I wake up angry. I look over at the pile of unfolded laundry and look away. The next thing to come into my line of sight—dust bunnies, but less cute and much bigger, much older. Dust dinosaurs. My partner had promised to deal with them, but they’re still here, threatening to catch me and drag me under the bed with them.
In the kitchen there’s mess everywhere. Whose night was it for dishes? Why is the dishwasher not emptied? Where did all these empties sitting next to the sink come from? Garbage, green bin need to be emptied—not my job. The kids clear a path when I’m coming, knowing glances flash at each other, they think I don't see. Mom’s in a mood—do what she says and look out.
Everyone finally leaves and I put the kettle on. I’m sorry now, but there’s nobody left to hear an apology. It’s so quiet except for the roar inside my head.
My friend and teacher David said it so well. His words from Sunday’s philosophy class run through my mind. Emptiness and karma—two poles that together make the tent stand. Laundry is just laundry. Dust, just dust, Dishes, dishes—even unwashed dishes. The anger, the blame, the shame that follows, all come from inside me. I’m frustrated with myself—that assignment not finished, I wanted to practice early this morning but didn’t get up in time, things that should have been done ages ago but have been avoided. Don’t the kids need dentist appointments? I’ll make those tomorrow.
If only I could get everything done, I’d be a better person.

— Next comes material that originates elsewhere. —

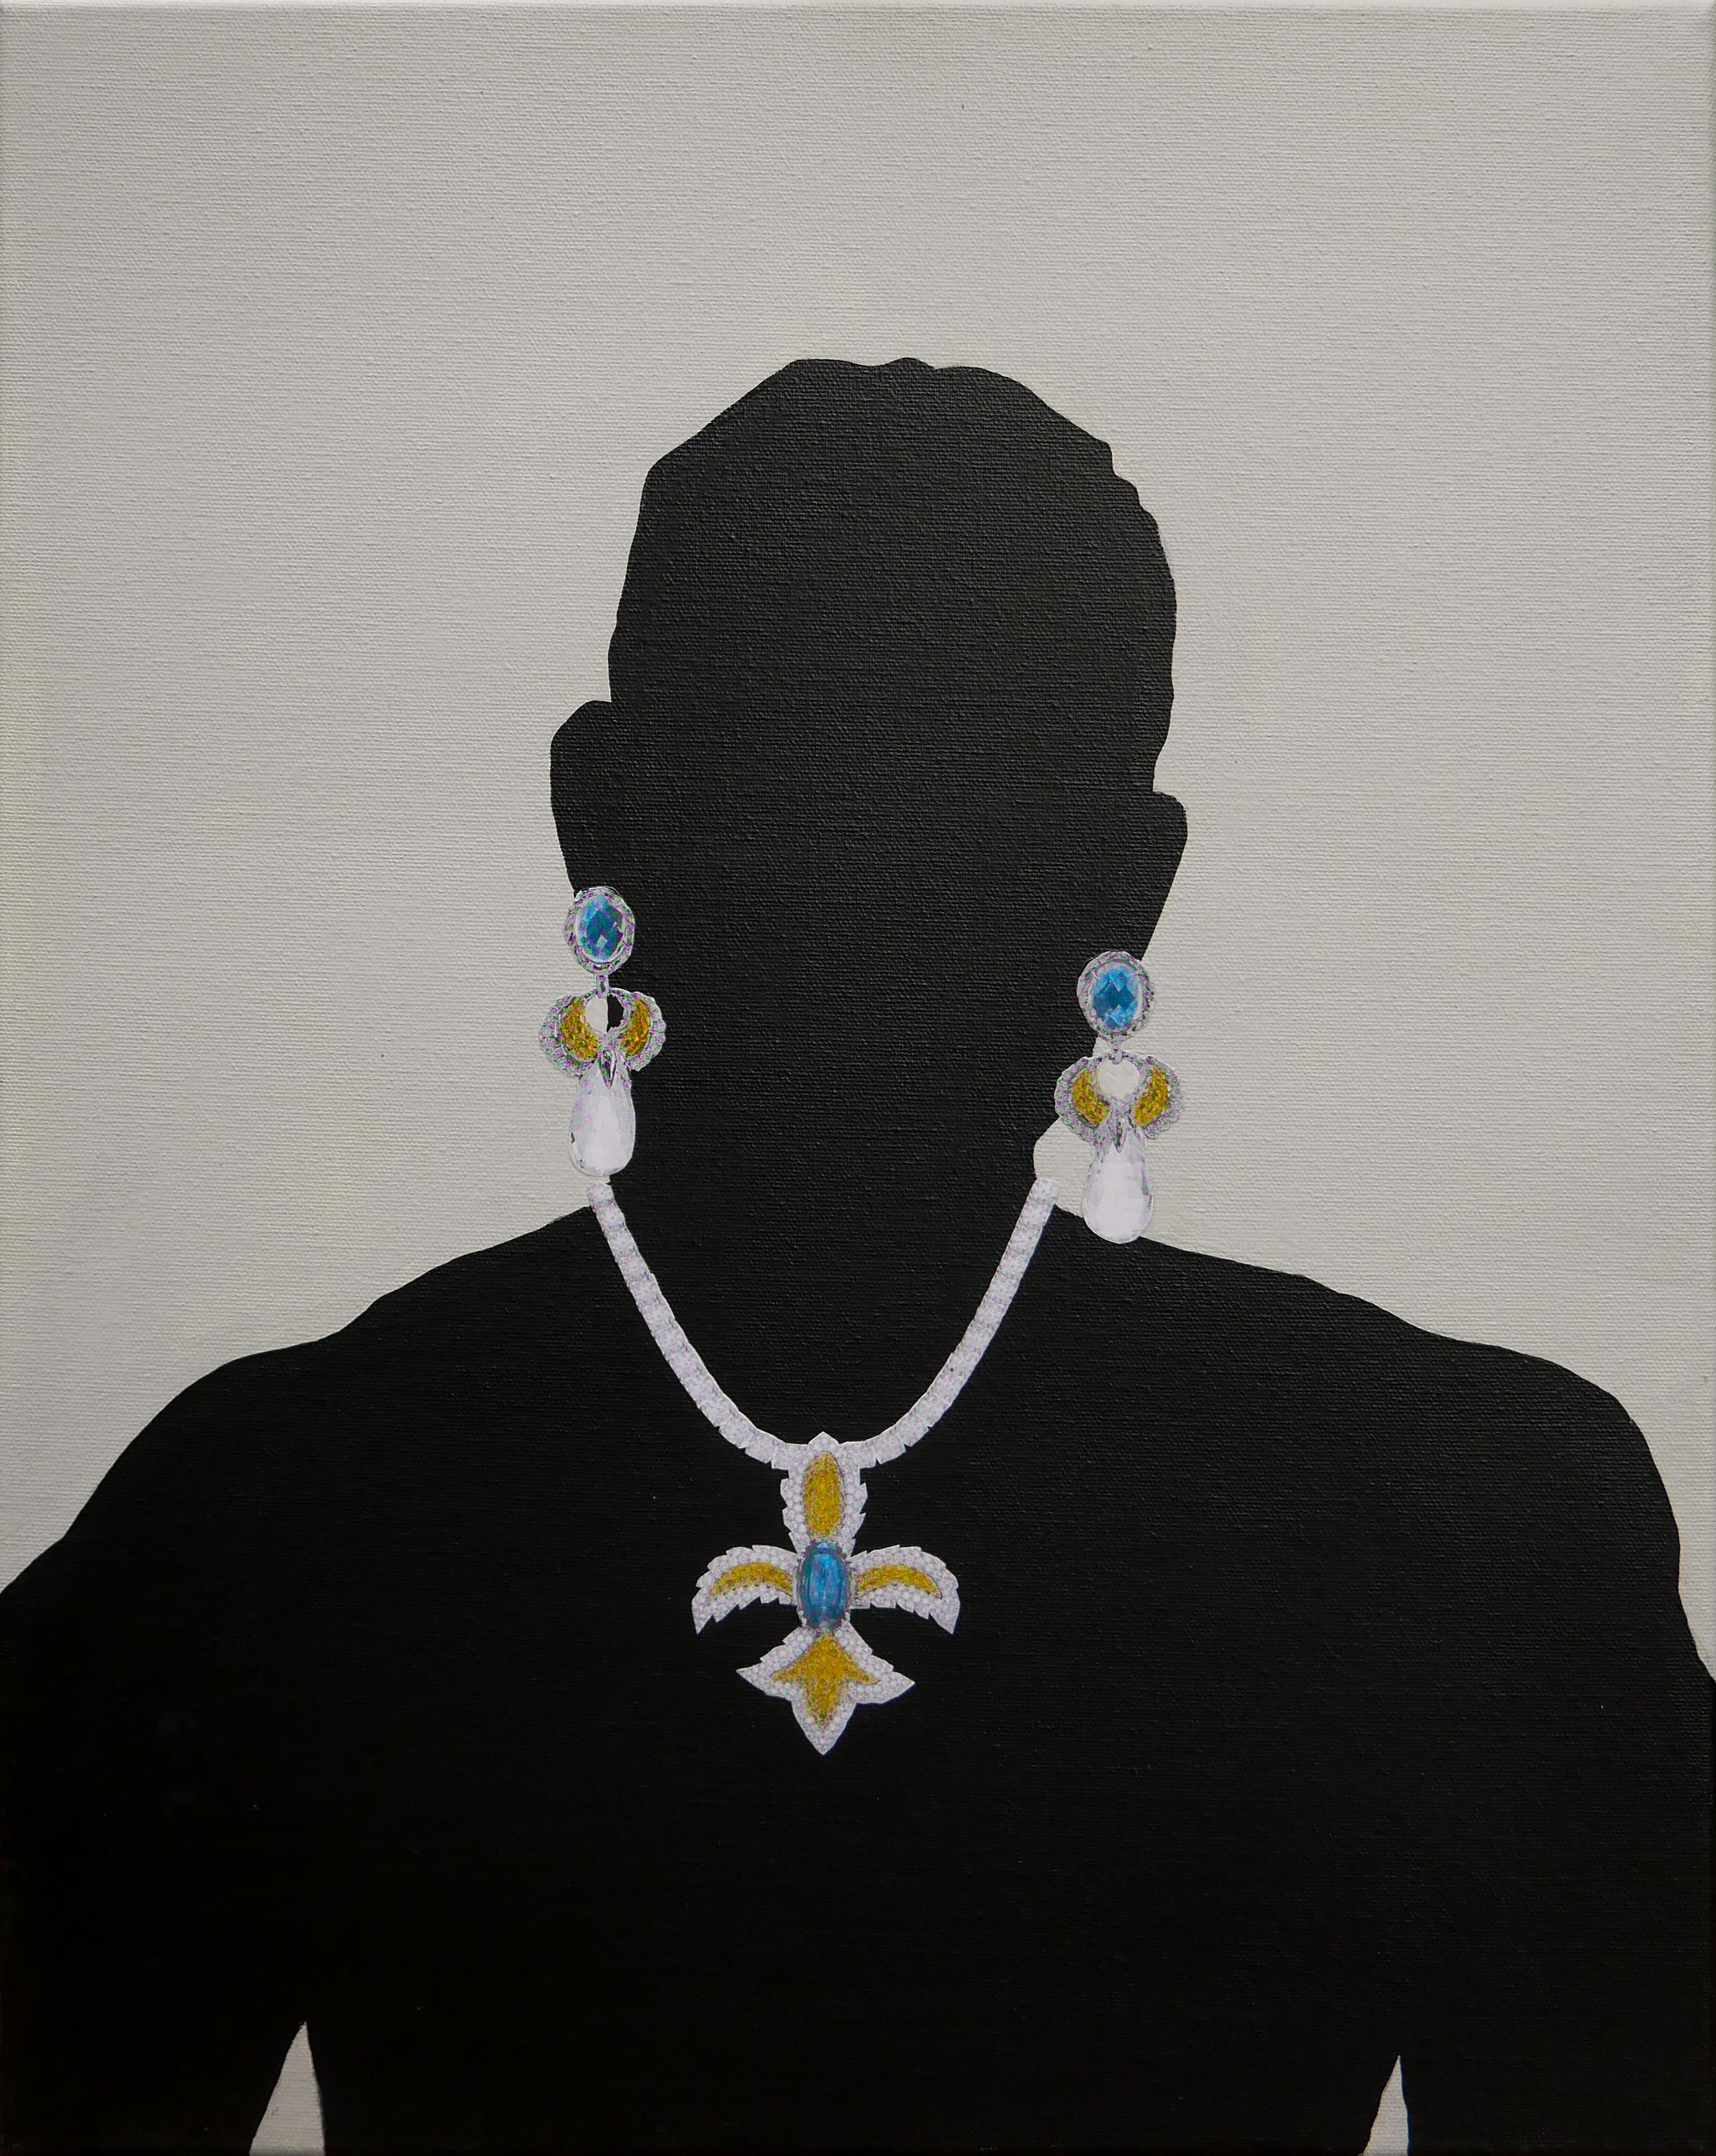 "Cal" - Peinture figurative surréaliste abstraite grise et noire représentant un homme avec des bijoux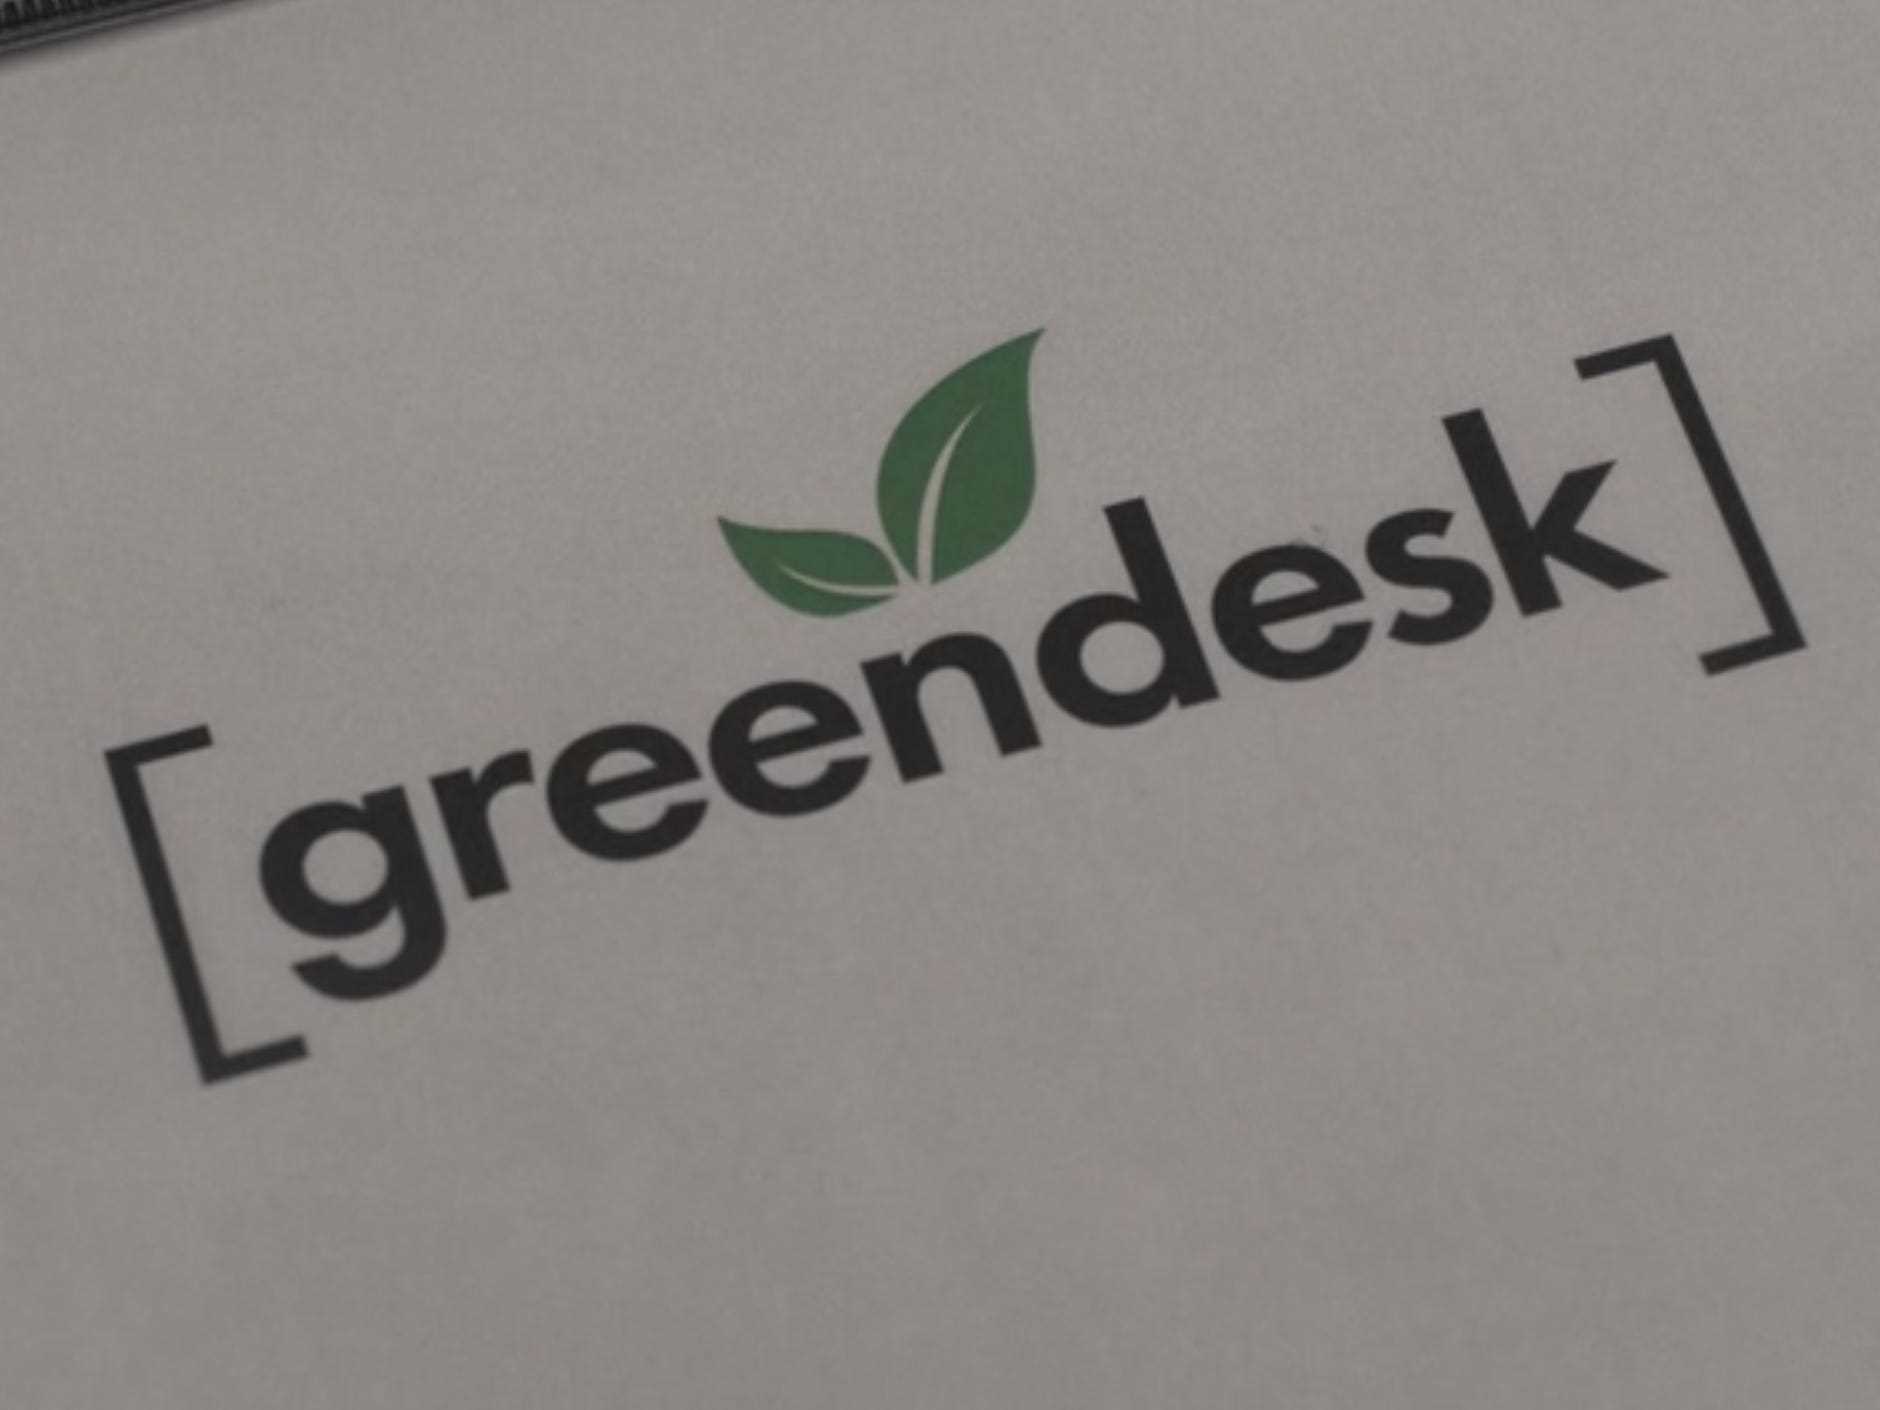 ein Blatt Papier, auf dem Greendesk steht, mit einem kleinen Blattmuster über dem n und Klammern darum herum

And that’s the goal—perfection. Or is it? The Buddhist teacher Pema Chödrön comes to mind, as she so often does. In her book The Wisdom of No Escape she says that we need to show loving-kindness, maitri, towards ourselves. Accepting ourselves is the point of our practice. “We can still be angry after all these years. We can still be timid or jealous or full of feelings of unworthiness. The point is not to try to change ourselves.…The ground of practice is you or me or whoever we are right now, just as we are.”
Right now, I’m angry. That’s who I am in this moment, right now, as I storm around the kitchen tripping over the dogs, and the—who left the chair in the middle of the room? Why did my partner not clean up like he said he would, I had wondered upon waking this morning. Hmmm. Maybe it’s something more like, why don’t I do what I say I will? That’s more difficult to say to myself, but it rings with truth—uncomfortable truth.
I feel the anger of the morning melt as I sip my hot tea. I follow the breath, the energy flowing up and down Shushumna, that central channel along the spine where energy flows. Time to practice. I begin to move my body, bringing my attention to the breath, to the present moment, moving through a familiar sequence. After a short while the mind wanders, as it does, and the movie of the morning begins playing through my mind—I’m watching myself from outside of myself, wincing. Instead of feeling frustration and anger, I choose to show myself compassion and loving-kindness. It’s liking wrapping big arms around myself. I know that I haven’t fixed everything. I know that I still do need to make apologies to my family (and that when I do they will graciously accept them, because they are wonderful people). I know that I still have a list of things to get done. I will not achieve perfection—it’s not attainable—and fixing others’ mistakes will not cover up my own failings. I will remember, again, that what I’m seeing in others is a reflection of what I’m seeing in myself. And, perhaps, the first step in getting on with today will be to go upstairs and fold some laundry, which I would do if there were time. I’ll do it tomorrow, along with making those dentist appointments.